The 500-strong ‘Keep Royal Mail Public’ rally preceded a lobby of parliament against the government’s part-privatisation plan being introduced to parliament tomorrow.
Ward told the rally: ‘Privatisation by installment is privatisation by any name.’
He continued: ‘These people have betrayed their own party, they have betrayed the country.’
Referring to a warning that if the privatisation doesn’t go through, the Royal Mail pension fund will go bust, Ward added angrily: ‘This government leaked a letter from the chairman of the pensions trust to try to intimidate us – that’s the lowest move of any government.’

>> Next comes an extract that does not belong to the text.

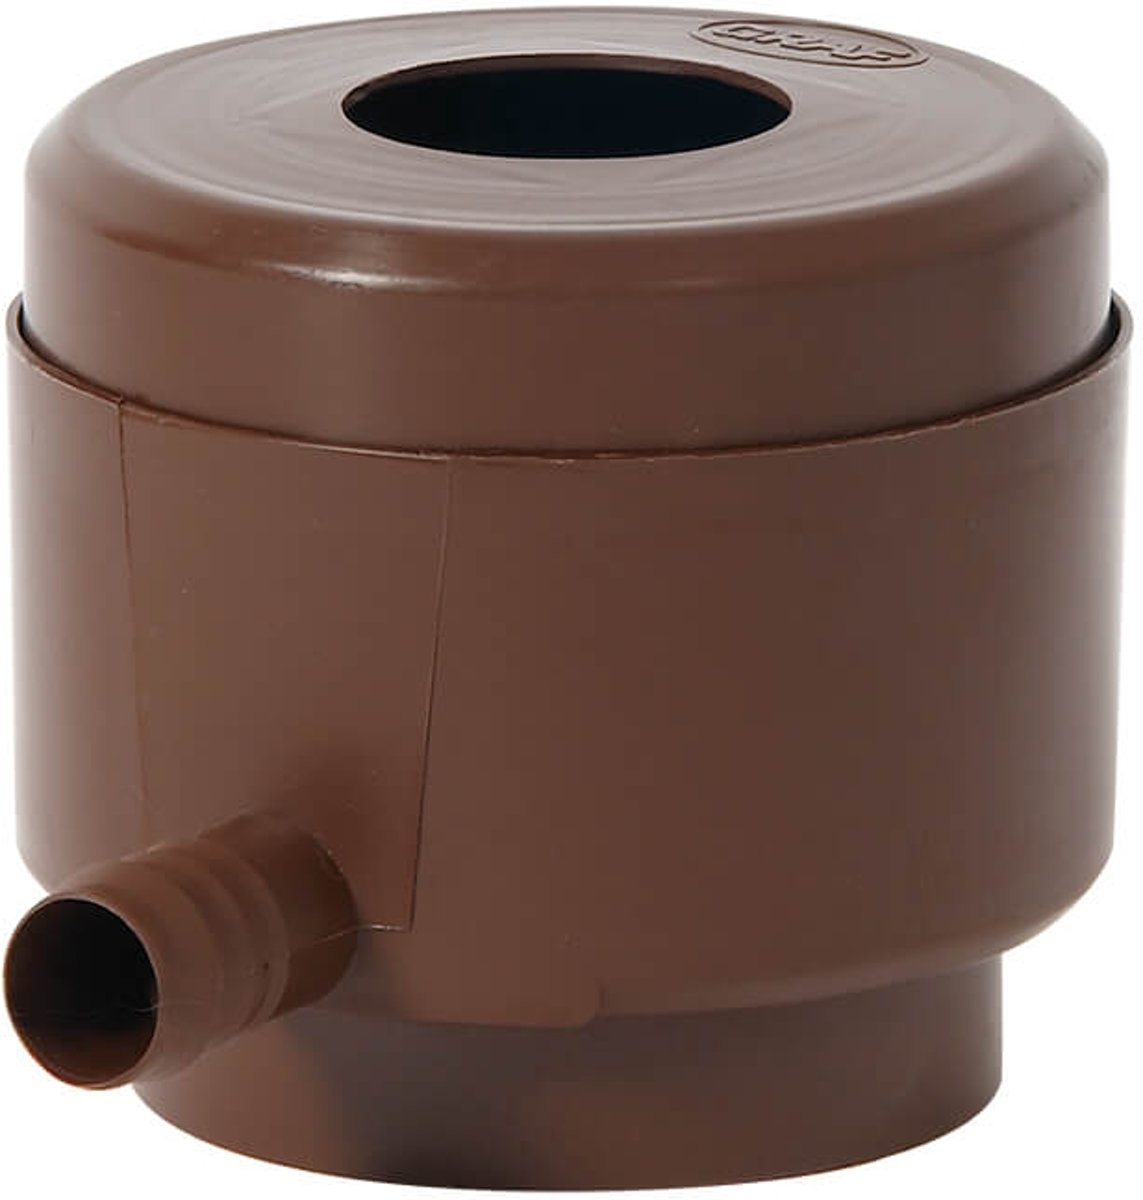 Garantia Regentonvulautomaat Bruin 70/100 mm

He threatened that the union will disaffiliate from the Labour Party over Royal Mail privatisation.
Ward added: ‘We do not accept the position the government is doing us a favour to bail out the pensions. Royal Mail took a pensions holiday for years.’
He concluded to applause: ‘This has to be a public campaign but if it means at some point that to defeat this, and some say it will be illegal, if it means our members taking strike action, we will do that.’

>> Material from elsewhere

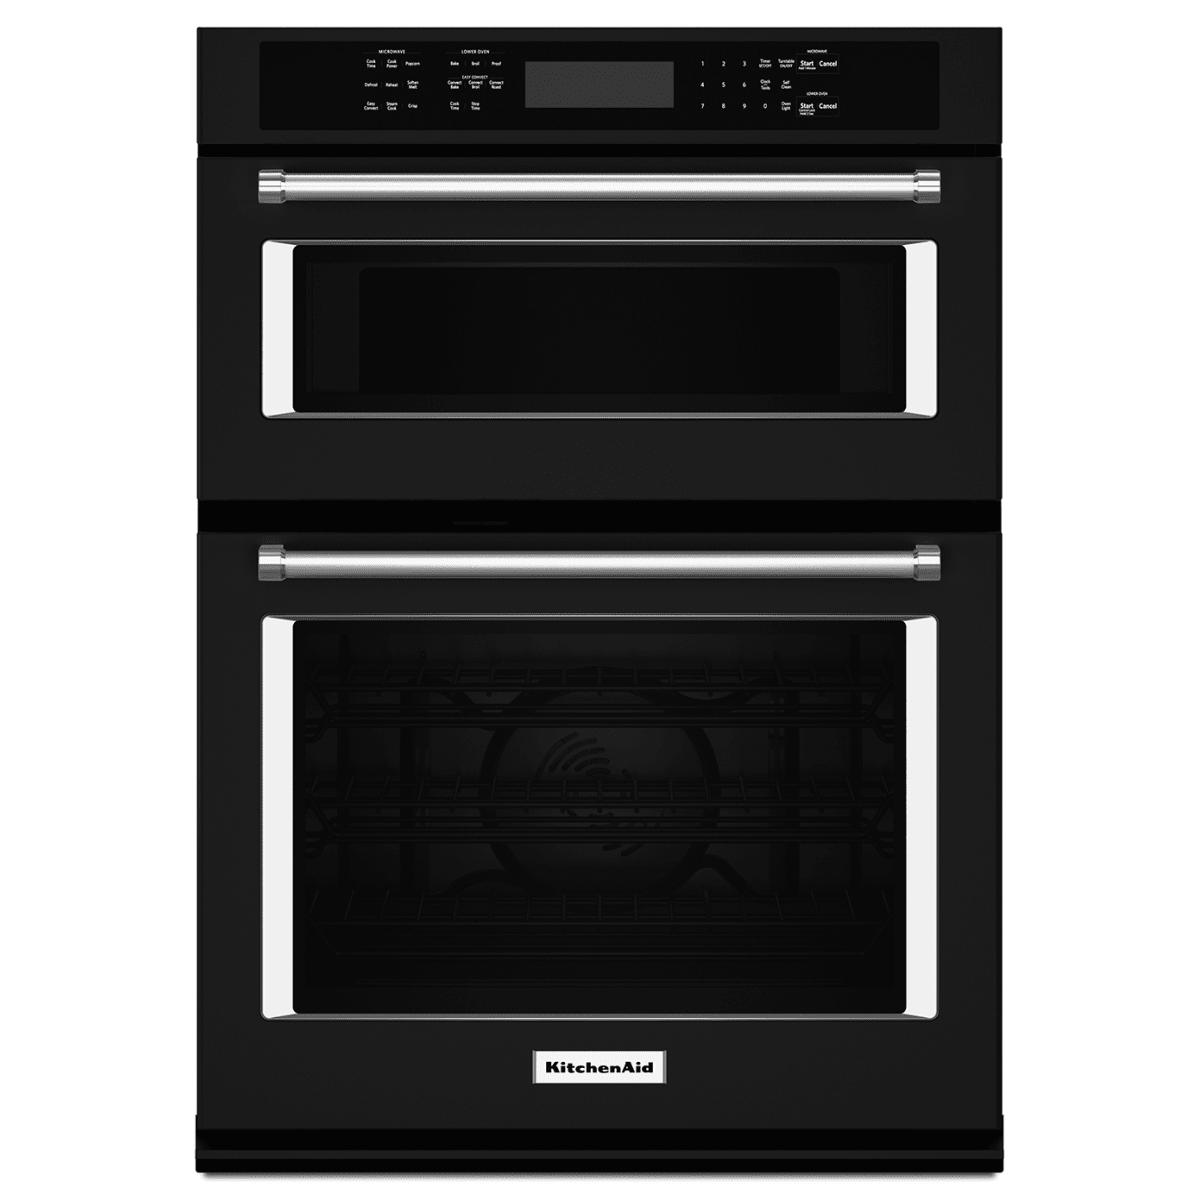 Kitchenaid Electric Ovens Koce500e

CWU general secretary Billy Hayes told the rally: ‘Today is about people’s democracy against a political elite.’
He added that Labour Party policy agreed at conference was to keep Royal Mail public ‘then we got Hooper’.
Hayes said: ‘With Peter Mandelson, six years of policy was wiped away in one minute. What he is doing is straightforward political cowardice.
‘We are for modernisation. Privatisation, that’s what we are not about. Not twenty, ten or five per cent privatisation – 100 per cent in the public sector,’ he concluded to applause.
Unite joint general secretary Tony Woodley told the rally: ‘These spivs and speculators that have brought the country to ruin mustn’t get their hands on the Post Office.’
He added: ‘The leaked pensions letter is an attempt by Mandelson to blackmail MPs into submission. They should not be allowed to do that.’
PCS general secretary Mark Serwotka warned: ‘It’s not about winning the argument. Since Labour has been in power there’s been more privatisation than under the Tories.’
He said to applause: ‘If industrial action is something you have to contemplate, we will give every support, including ourselves considering industrial action.’
Other speakers bringing their support included TUC leader Brendan Barber, GMB leader Paul Kenny, rail union leaders Bob Crow, Alan Donnelly and Gerry Doherty, UNISON leader Dave Prentis, UCATT leader Alan Ritchie and Mick Shaw (FBU).
Several Labour MPs addressed the rally including Morecambe MP Geraldine Smith, the proposer of Early Day Motion (EDM) 428 opposing privatisation, who won a standing ovation, as did Hayes and Harlington MP John McDonnell when he called on unions to defy the anti-union laws and strike if the part-privatisation becomes law.